Enhancing potassium conductance by opening potassium channels it has its effect on the
atrial muscle as well. Similarly it has a
very powerful effect to slow the conduction down the AV node. Very high concentrations
could decrease conduction down the His-Purkinjee system as also the ventricular
musculature.8
Science of Chaos:
Be that as it may, we have been so far
using linear mathematics in medicine for research. In a dynamic system like the human body
the linear relations do not hold good. No organ of the body, including the heart, could
work in isolation. The heart, per force, has to work in tandem with other organs, mainly
the lungs, as breathing is the most dominant rhythm in the human body. Using non-linear
mathematics and the science of "chaos"
one could get a better insight into the working of the heart vis-à-vis the lungs. Let us
explore that area in the light of new knowledge coming in from that source.

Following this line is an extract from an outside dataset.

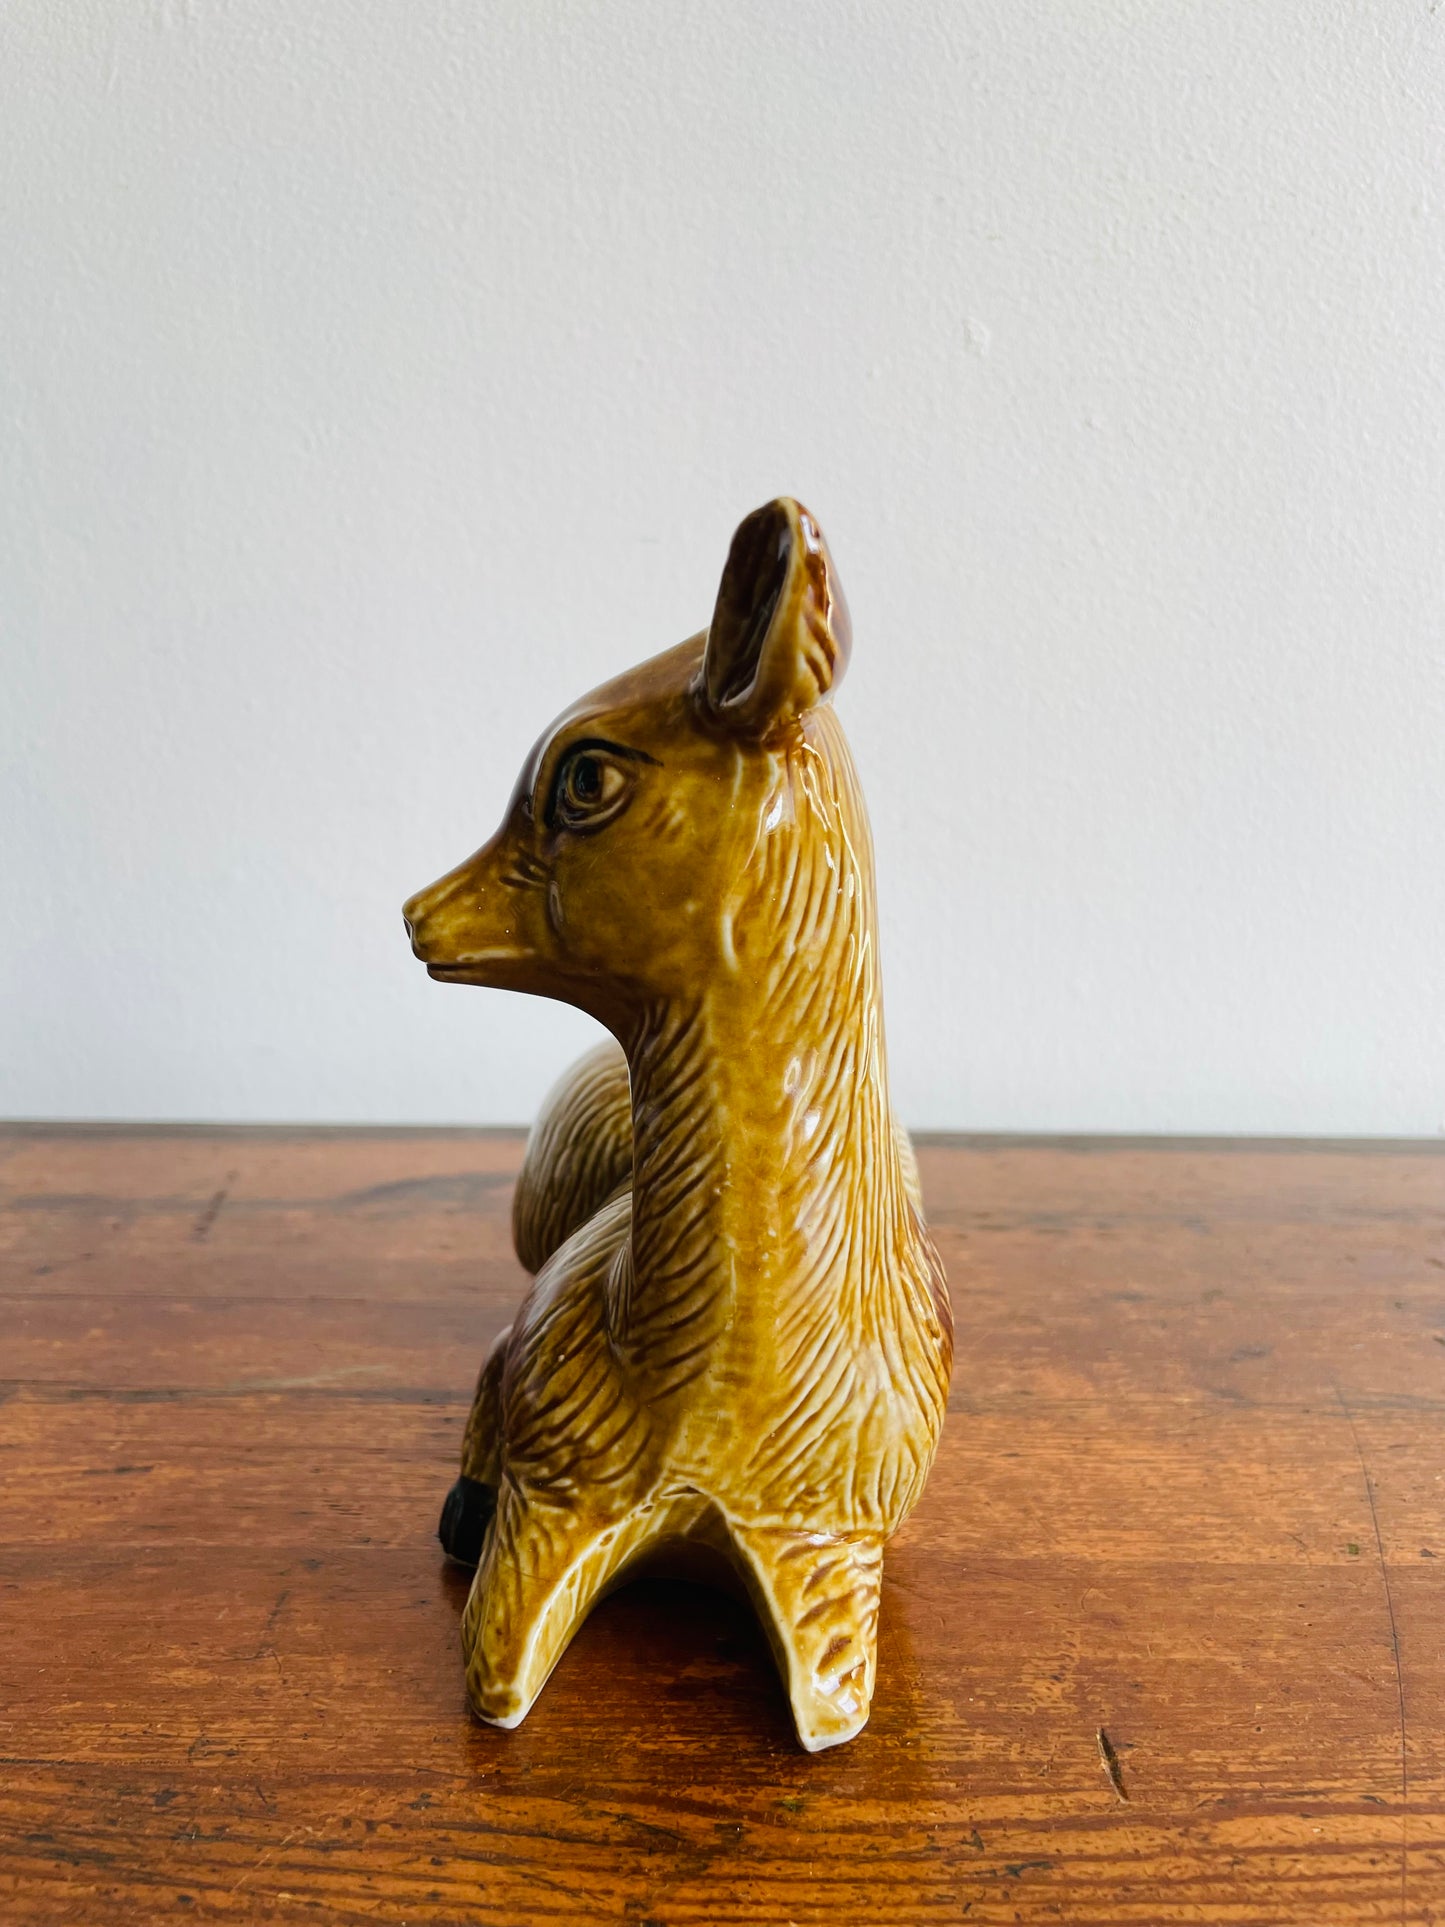 Ceramic Fawn Deer Figurine - Made in Brazil

Heart Rate Variability (HRV):
A child has sinus arrhythmia, which could
be noticed even with the conventional ECG; the former gradually disappears as age
advances. But if one analyses the dynamic ECG, one gets to see the "chaos" of
normal HRV as against the smooth graph of the disappearing sinus arrhythmia in old age.9
The ancient Indian
"praanaayaama" has been scientifically studied to see if the correct breathing
methods followed in this ancient science could change one's HRV. Studies have shown the
usefulness of this kind of breathing methods even in the treatment of resistant heart
failure patients.10
We, in our own department, have shown a
new method of studying the conventional ECG recording of 15 minutes duration using a
polygraph. When this is analyzed using non-linear parameters, and specially designed
computer models, we have been able to get very exciting data in this field.11 Going from there to more
complicated areas of cardiac diagnosis, we have obtained computer graphics of various
disease states, with just the HRV data of fifteen minutes surface ECG, using the
"Wavelet Analysis" methodology. The data look very promising and the Ph.D.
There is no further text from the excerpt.